# Call out to LA/Orange co. CA riders- Parade ride, BBQ, More. Aug.4, La Habra



## jwm (Jun 23, 2012)

Here is a call out to CABE members in The Los Angeles/Orange County area, and particularly to the folks whom Mary and I see at each month's Cyclone Coasters ride. This is for a very  special day of riding, charity, food, and drink, and party. And the charity part will not cost anything. Neither will the food.
So here's the deal-
I have received an invitation to enter a group of bicycles in the City of La Habra Corn Festival parade which is held August 4, in the city of La Habra. The Corn Festival and parade is an old small town tradition in La Habra, and it draws a surprisingly big audience. We will be riding as the So Cal Rat Rod Ride, a group of custom, classic, and cruiser bicycle enthusiasts. Here's a chance to bring out the flagship bikes in your fleet, and show them off to an appreciative crowd.
Following the Corn Festival Parade we will take a short round about trip back through La Habra, and bring our bikes to the Park Regency Retirement Center where we will have a short reception and visit with the seniors who live there. Tentative plan will be to take some photos of the some of the residents with the very cool bikes. Mary and I did this last Easter. We rode the B-6, and the Starlet over there, and the bikes were a huge hit with the residents.
After that, we party.
Following the visit to Park Regency we'll cruise back to my place. We're celebrating August birthdays, bike rides, corn festivals, bigfoot sightings, the end of the world, and just about anything else we can think of as an excuse to eat too much, drink too much, turn up the record player way too loud, and generally annoy the neighbors until they come over and party, too.

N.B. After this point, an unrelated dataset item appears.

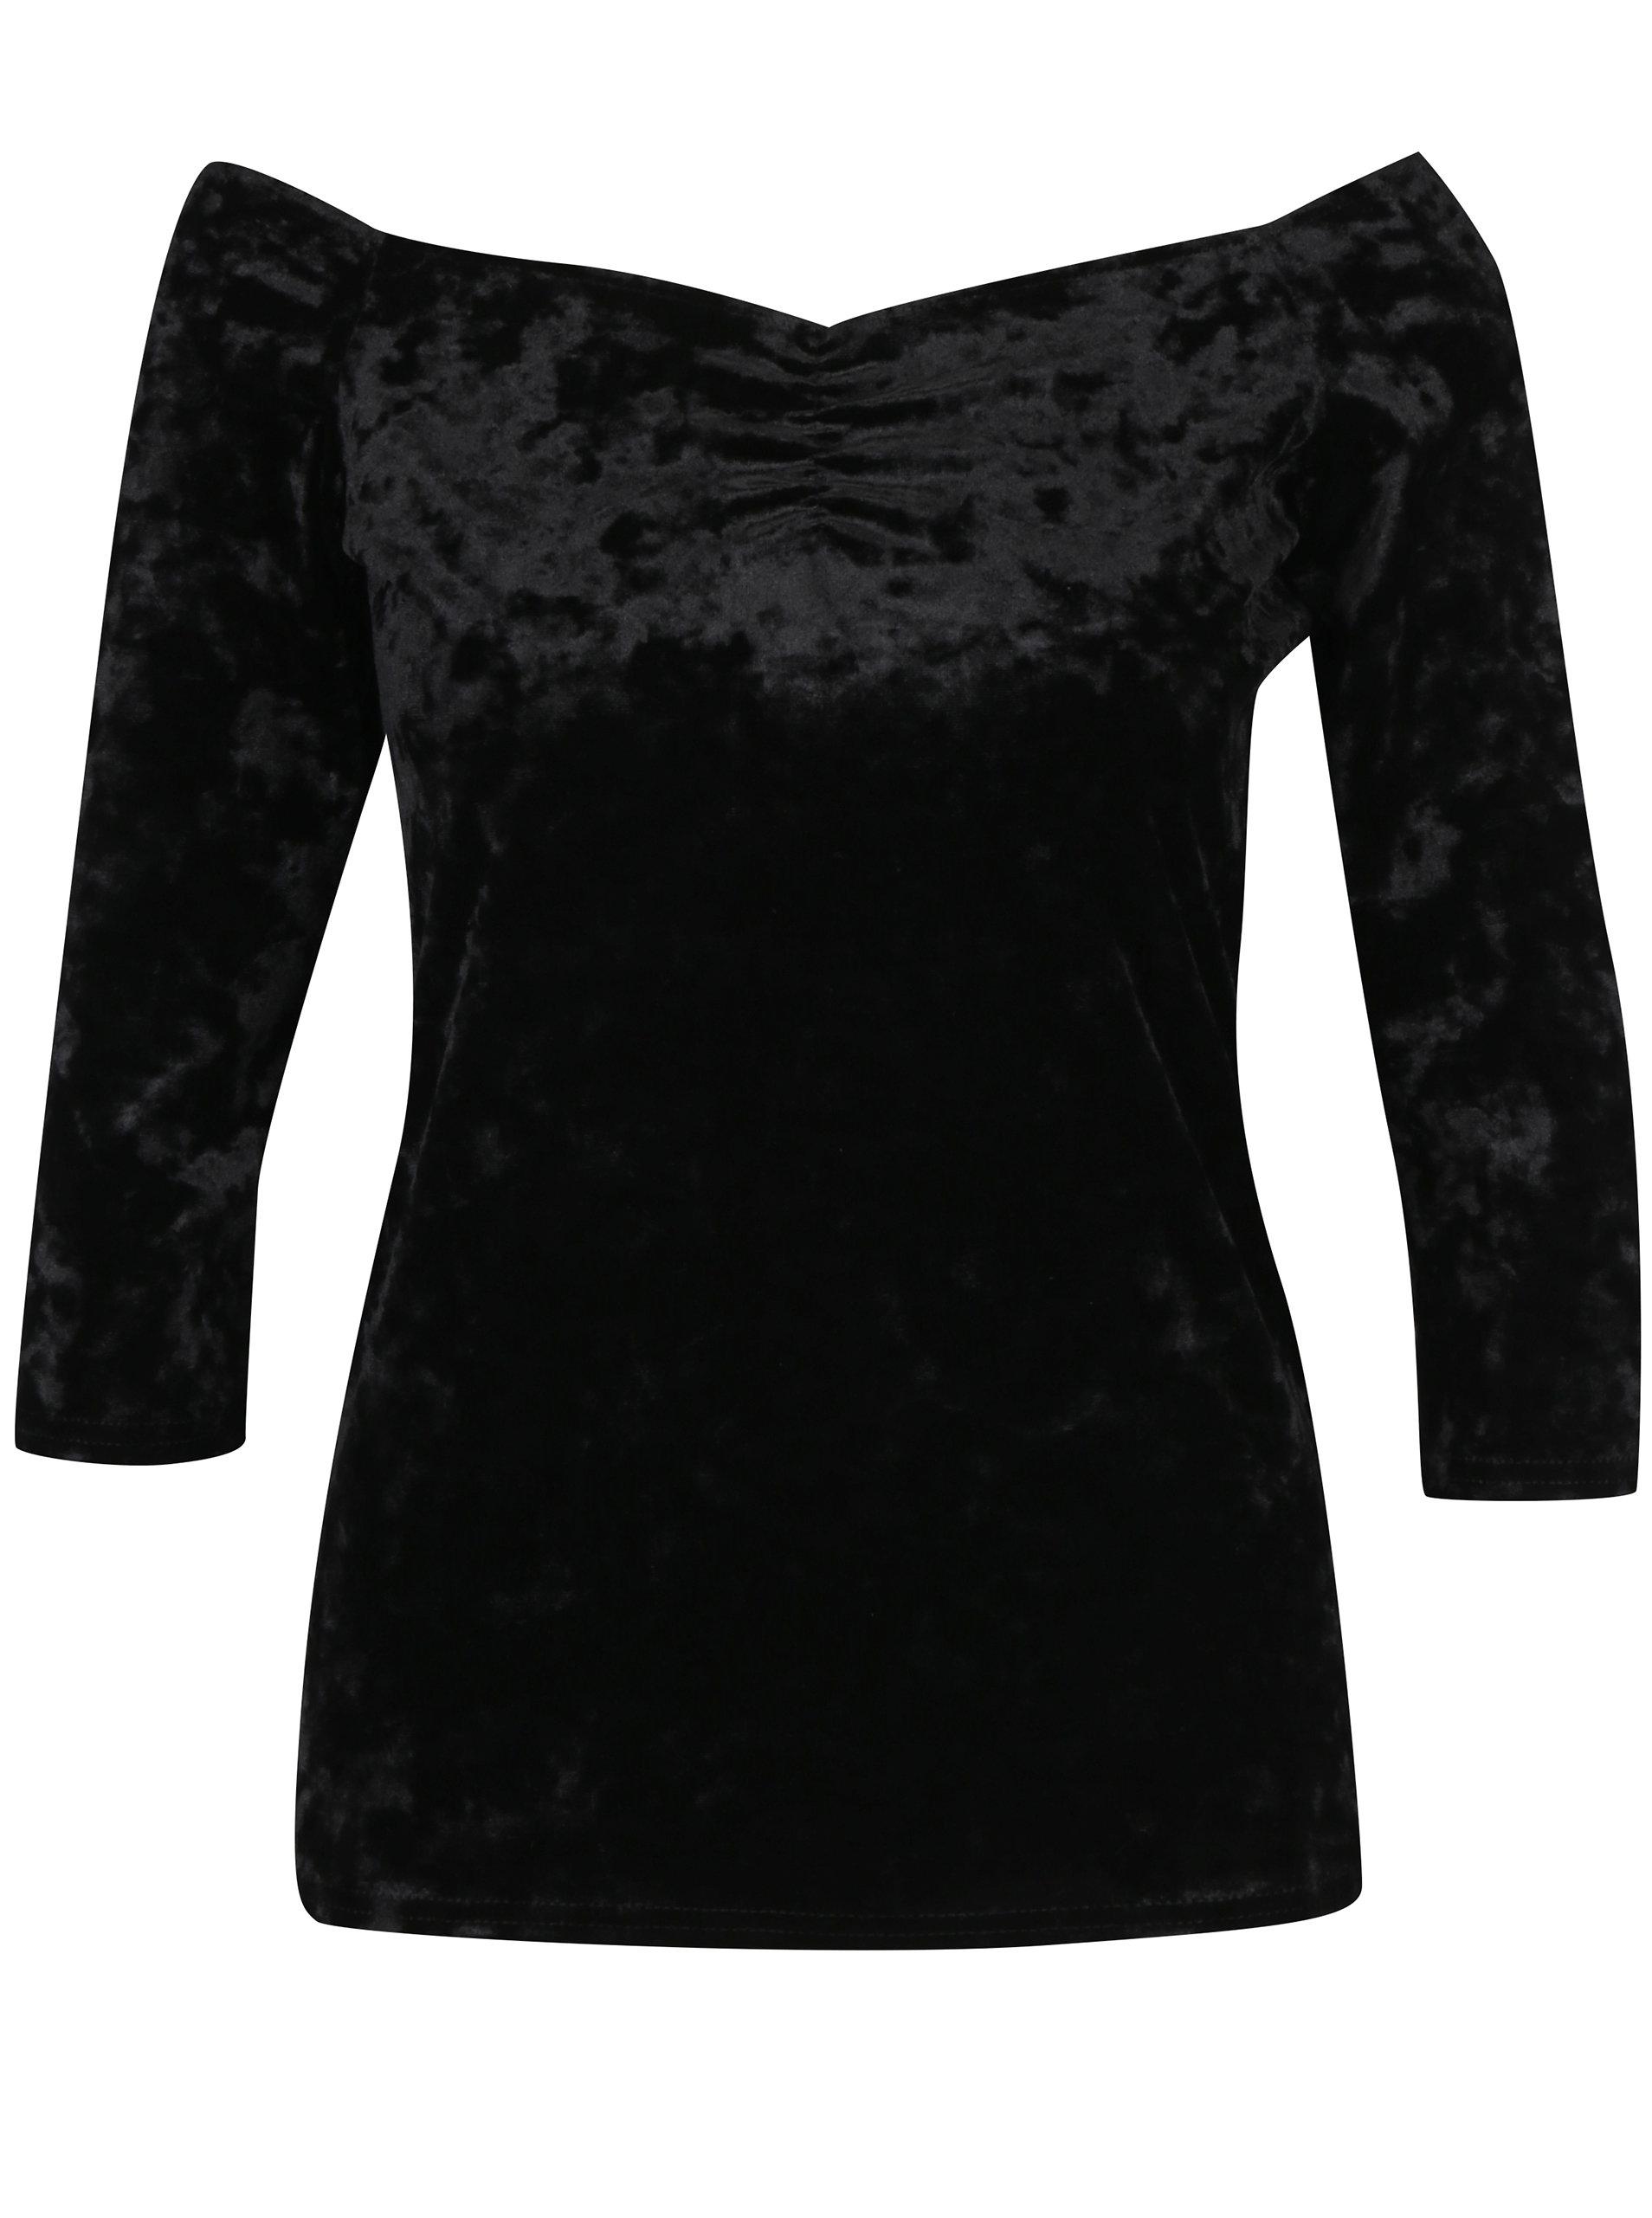 f75aa0a9228b Čierne zamatové tričko s lodičkovým výstrihom Dorothy Perkins ...

Anyone interested in riding this day can RSVP by replying to this thread, or sending me a PM. We can trade further notes via email.
Please come join us!
Thanks.

JWM

John MacLean


----------



## abe lugo (Jun 23, 2012)

*Hey John most likely in*

Ryan with the X1, told me about this Mel and I might be going.
Is there a time and place to meet? 
Parking situation?
Is there going to be some time available after the parade to see the actual corn festival? 
Should we bring anything for your party after?
Thanks


----------



## jwm (Jun 23, 2012)

I was hoping to hear from you, Abe. It's funny. It never occurred  to me to include, like- the Corn Festival in all this. Maybe because I'm too old for carnival rides. Besides- I think they still use the same Hammer ride that I got on back in 1964.:eek: But no plans have been set in stone yet, and it would be remiss not to include some time at the park in the itinerary. They do have good corn. Parking will be no problem. I live just a couple miles from where the parade stages, and there's plenty of parking around here. I figure we'll start here at my place, and cruise down to the staging area. The parade starts at 9:30 AM, so it would mean a fairly early meet up time- 7:00, give or take. We'll have coffee. Party plans are also still in the works, but as with most outdoor summer cookouts, if you bring a bag of chips it will get eaten. We'll get the details tied down. Mostly, at this point, I want to get a rough idea of how many people are interested, so I can put a number on the parade application. I'll probably need to come up with a run of T-shirts for the ride, as well. As I said, we'll have everything nailed down in due time.

John M


----------



## jwm (Jul 10, 2012)

Hi folks- Just bumping this thread with a link to the facebook page. I just started the FB thang, and a friend created the event page. Here's the link with all the latest info:

http://www.facebook.com/events/292770597487362/

John M


----------



## jwm (Jul 17, 2012)

Bumping the thread here-
Hey, I can do shameless plugs.
Once again, I'd like to extend the invitation to any riders here in the Southland.
Details at this point:

The parade app has been accepted. We're in.
I've ordered T-shirts for the ride. So Cal Rat Rod Ride shirt complimentary (as in free) for parade riders.
Meet up will be at my house. I'll send all details to those who RSVP
After parade reception  is a go.
Finances are good for a change, so we'll have both potato, and corn chips at the party, and I've got a giant bottle of diet pineapple soda left over from July 4, so we're gonna' party like it's 1999- we're just that hip, too.

JWM


----------